After this year's Yup'ik Heritage Week at Bethel Regional High School, a three-day YuraqYup’ik Dance Festival took place in the school gymnasium.

Dancers have come from villages across the Yukon Kuskokwim Delta for this year’s Dance Festival. This is the first year Yuraq has been held in Bethel, as it has traveled in the past from village to village. It’s one of the few times of year when groups can come together, listen to songs from other villages —some they may have never heard before—, and even join in with other dance groups.

Kathleen Naneng is the Yup'ik Dance Teacher at Bethel Regional High School and helped organize the festival.

 

“Sometime in the fall time, Doug Boyer, our assistant principal, said we’re signed up to do the Yuraq festival this year.” said Naneng. “So I started thinking about all the activities we could do for our whole school during the festival.”

 

Naneng decided to call is the LKSD dance festival, but when people on Facebook didn’t know what that meant, she decided to just say the Yuraq festival.

 

Every group from each village school gets to take turns doing an equal number of dances. A dinner break at the end of the day is held for dancers with traditional food before dances begin again.

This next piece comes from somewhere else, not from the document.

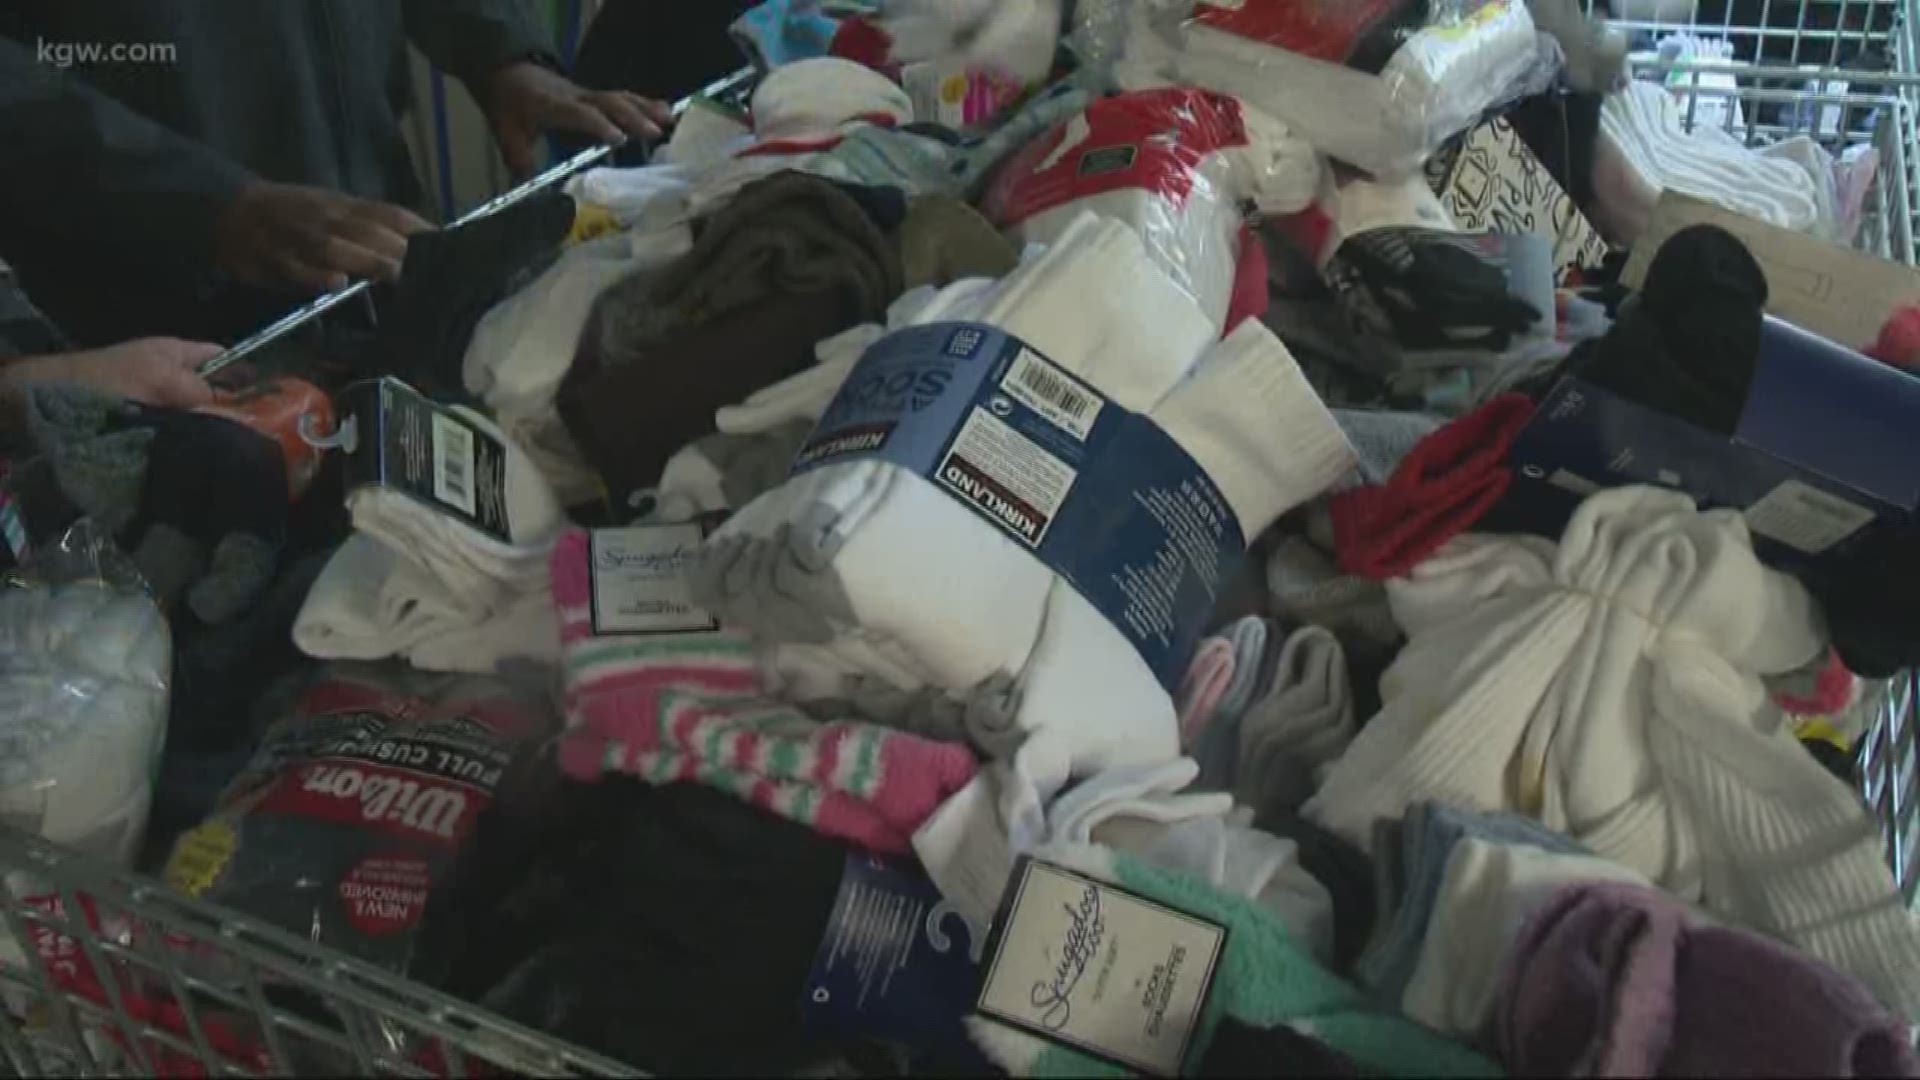 Company donates socks to Portland's homeless

Twenty dancers with eight drummers behind them line the gymnasium floor, as dancers and drummers occasionally join in one by one, some staying for several verses before returning to their seats. Others stay for the remainder of the song.

 

“What I like about this festival is it’s all about our culture. There is no crafts being sold in the lobby,” said Naneng. “It’s more traditional than any other festival that I know. It’s all Yup'ik culture activities.”

 

This is what separates it from Cama'i. It’s all Yup'ik culture focused.  Instead of selling crafts, students did beading, doll making, fish net making, trap making, and qaspeq making. And Bethel students appreciate that focus.

 

“This is what I love,” said student Max Angaiak. “It’s part of our life, and when people watch Yuraq, it just lets all that stress and all that bad feeling go away and a feeling comes in. Like a really great feeling.”

 

Max is the lead singer for the Kuskokwim Learning Academy dance group, who get up next after the Akiuk Dancers.

 

“I just hope it gets passed on to the next generation,” said Angaiak.

 

Devin Tunutmoak, another student from Bethel, agrees.

“The biggest hope for me is to see the way of Yuyaraq and the way how dance, Yuyaraq, is supposed to be passed down to the future generation,” said Tunutmoak. “Just so they carry on the legacy of Yuyaraq, the way of life.”

 

Instructor Kathleen Naneng hopes something like it can become a regular part of the school year in Bethel.

 

“I really hope our school gets to do this every year, once a year,” said Naneng. “Even if we don’t have all the schools coming to gather at our school to dance, I really hope that our students at BRHS get to do cultural activities during the day for at least two days a year.”